What genes correlate with BRAF?

Append Dataset

Download the PRISM drug sensitivity data (primary_replicate_collapsed_logfold_change.csv) and select File > Open. Open the dataset in a new tab. Select Tools > Transpose to put the compounds on the rows and the cell lines on the columns. Select File > Save Dataset to save the transposed matrix and enter "prism_logfold_change.gct" for the file name. Navigate back to the gene essentiality dataset tab. Select File > Open to open the transposed drug sensitivity matrix. Change "Open File Action" to "Append rows to current dataset". Match the cell line ids in the CRISPR dataset with the cell line ids in the drug sensitivity dataset.

Repeat Nearest Neighbors With drug sensitivity dataset

Create a new tab with BRAF CRISPR dependency scores and drug sensitivity scores by searching rows for "Source:prism_logfold_change BRAF". Ensure that all columns are selected. Click Tools > New Heat Map to create a new tab. Download the compound annotations (primary_replicate_collapsed_treatment_info.csv) and select File > Open. Choose "Annotate rows" for "Open File Action". In the new tab, search for BRAF and bring the matches to the top. Select the BRAF dependency scores. Click Tools > Nearest Neighbors. Click "OK" to run the analysis.
A new row annotation named "Pearson correlation" will appear.
What drugs correlate with BRAF dependency scores?

Overlay RNAi data on top of CRISPR data to create dot plots

Create a new tab with the CRISPR dependency scores only. Remove the number after the gene name by selecting Tools>Create Calculated Annotation. Enter "id_stripped" for the annotation name and FIELD('id').substring(0, FIELD('id').indexOf('(')) for the formula.
Download the RNAi dataset (D2_Achilles_gene_dep_scores.csv) and select File>Open. Repeat the same process to remove the numbers after the gene name by selecting Tools>Create Calculated Annotation. Enter "id_stripped" for the annotation name and FIELD('id').substring(0, FIELD('id').indexOf('(')) for the formula.
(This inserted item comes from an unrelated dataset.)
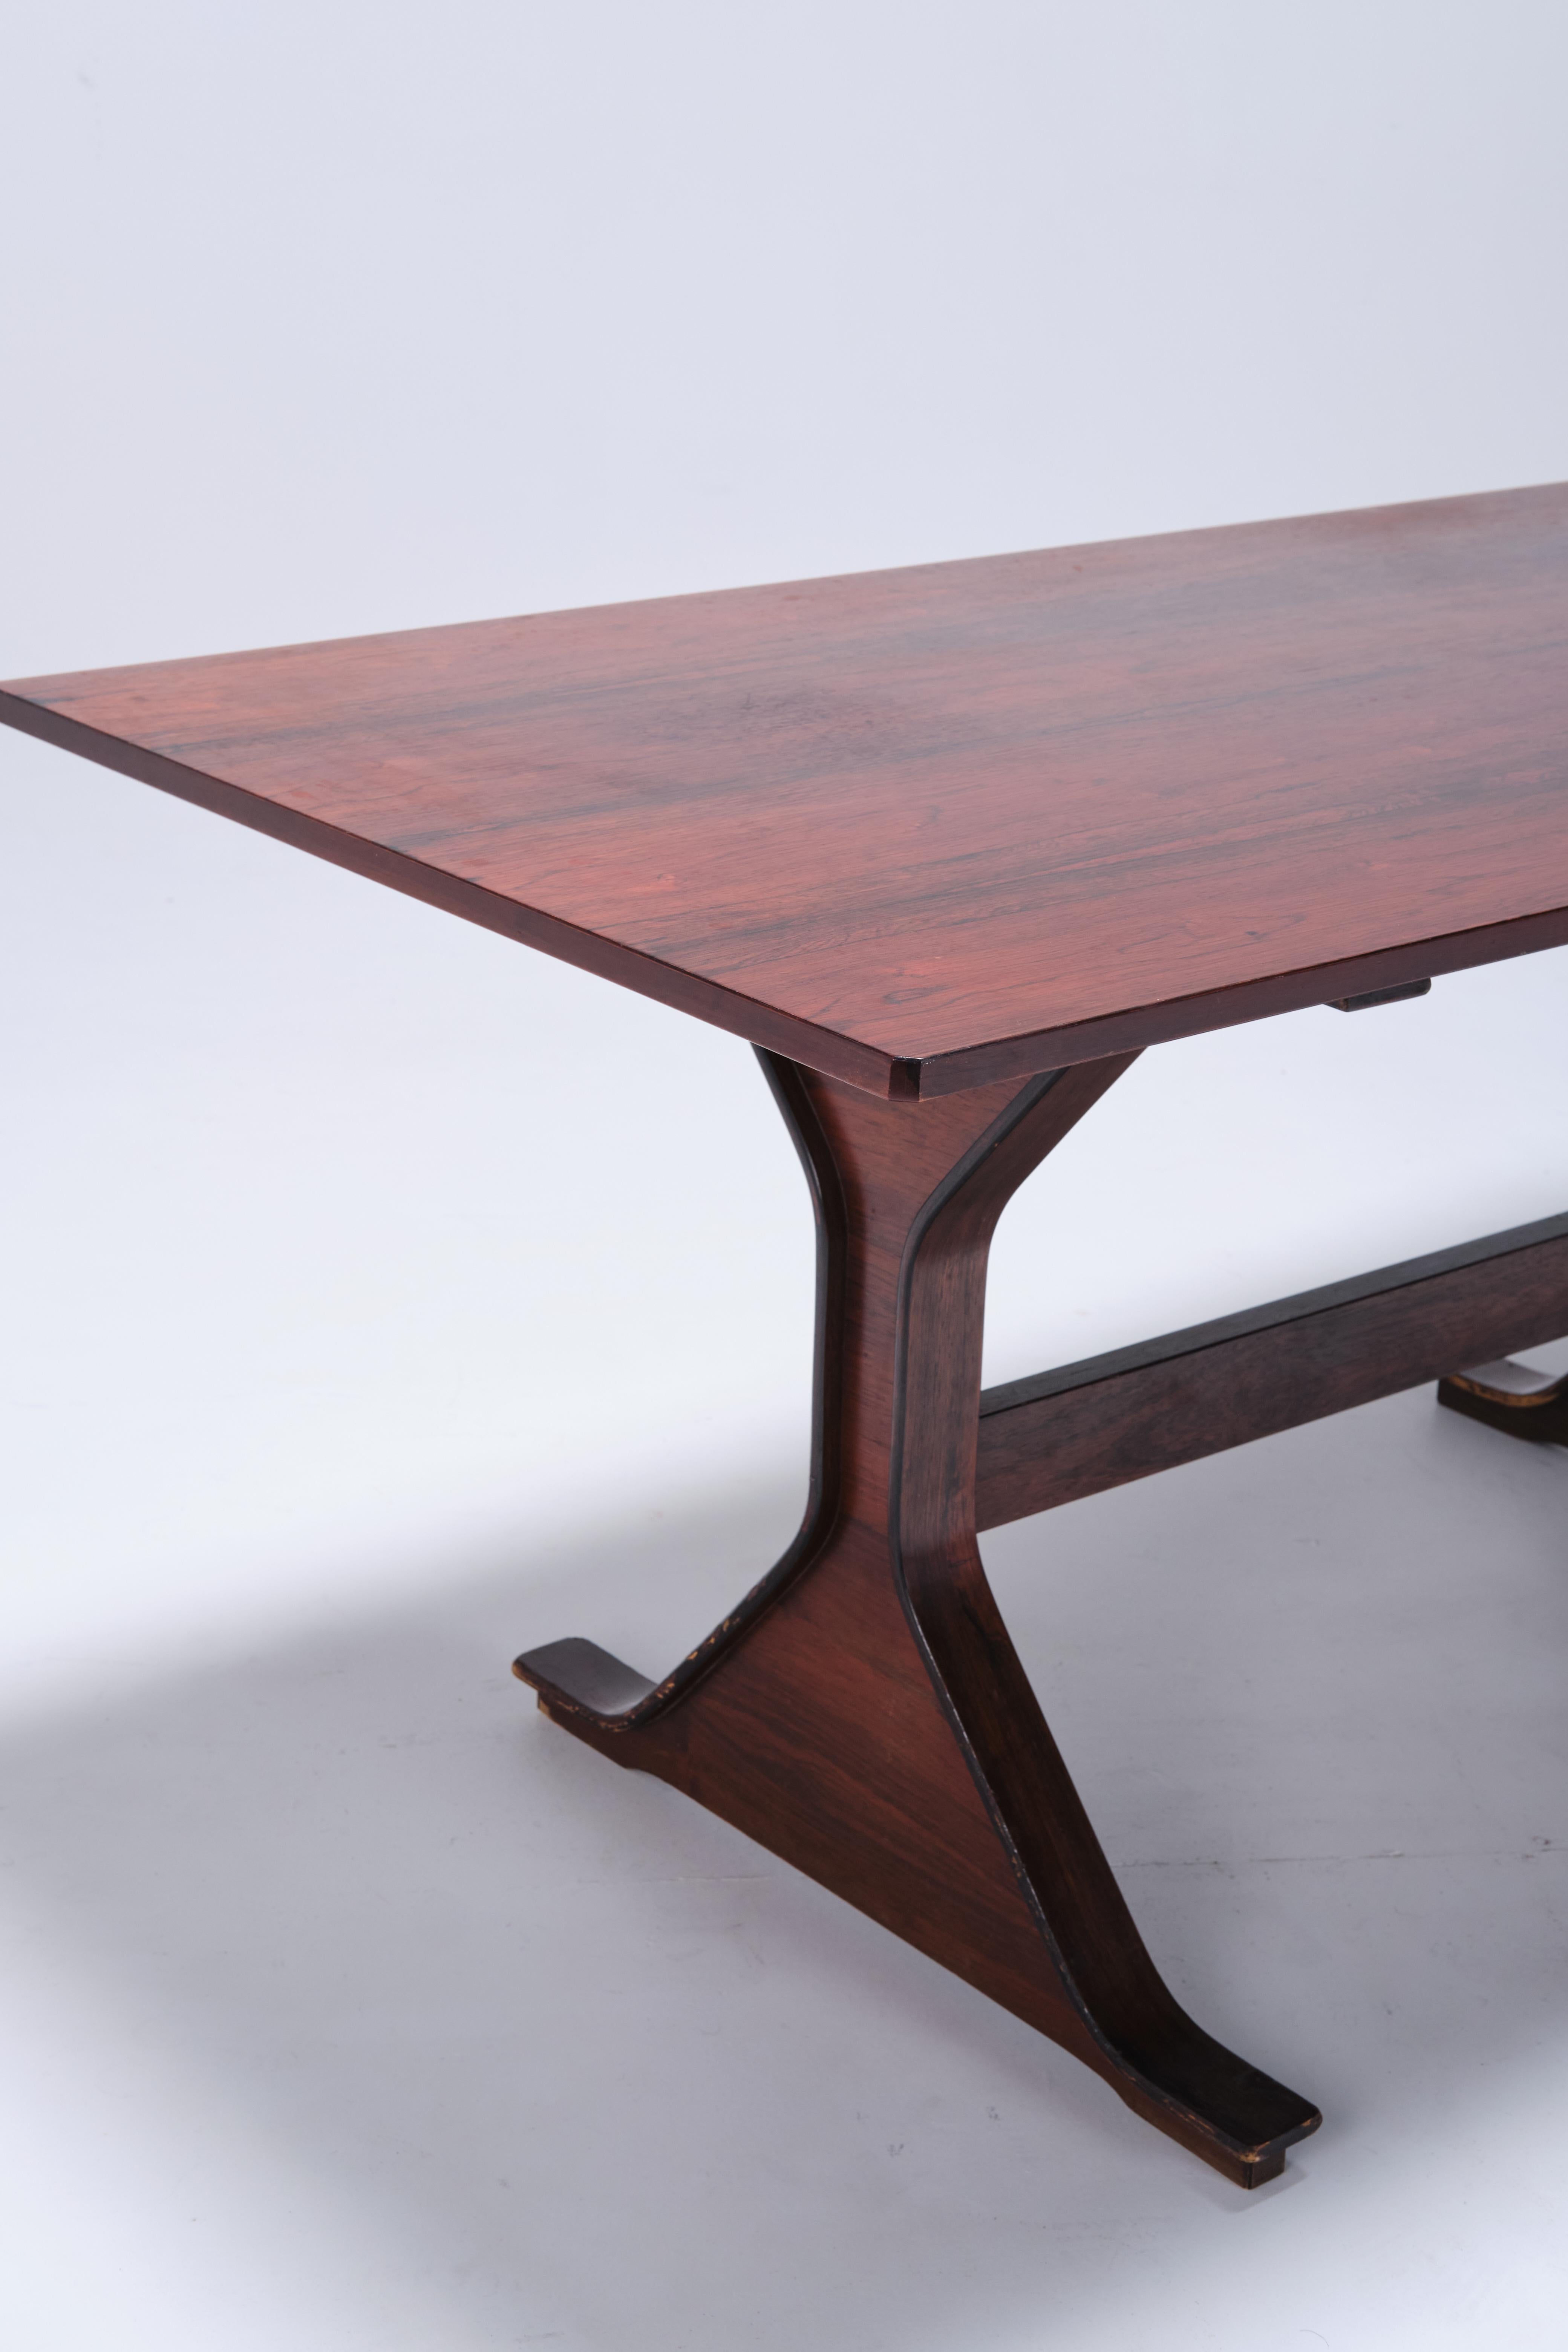 Gianfranco Frattini Wood table or desk for Bernini Italian Design 1950s In Good Condition For Sale In Milan, IT

Select File > Save Dataset to save the updated dataset and enter "D2_Achilles_gene_dep_scores.gct" for the file name. Navigate back to the CRISPR tab and select File > Open. Change "Open File Action" to "Overlay onto current dataset". Match the "CCLE Name" in the CRISPR dataset with "id" in the RNAi dataset and the "id_stripped" annotation in the CRISPR dataset with "id_stripped" in the RNAi dataset. Select View > Options to edit the color scale. Change "shape" to "circle" and "size by" to the RNAi dataset. Set the size by minimum to 2 and the maximum to -2.

Explore mutational data

Download the CCLE Mutations dataset (CCLE_mutations.csv). Rename the file to have the suffix .maf.csv (e.g. CCLE_mutations.maf.csv) so that Morpheus will recognize the file type properly.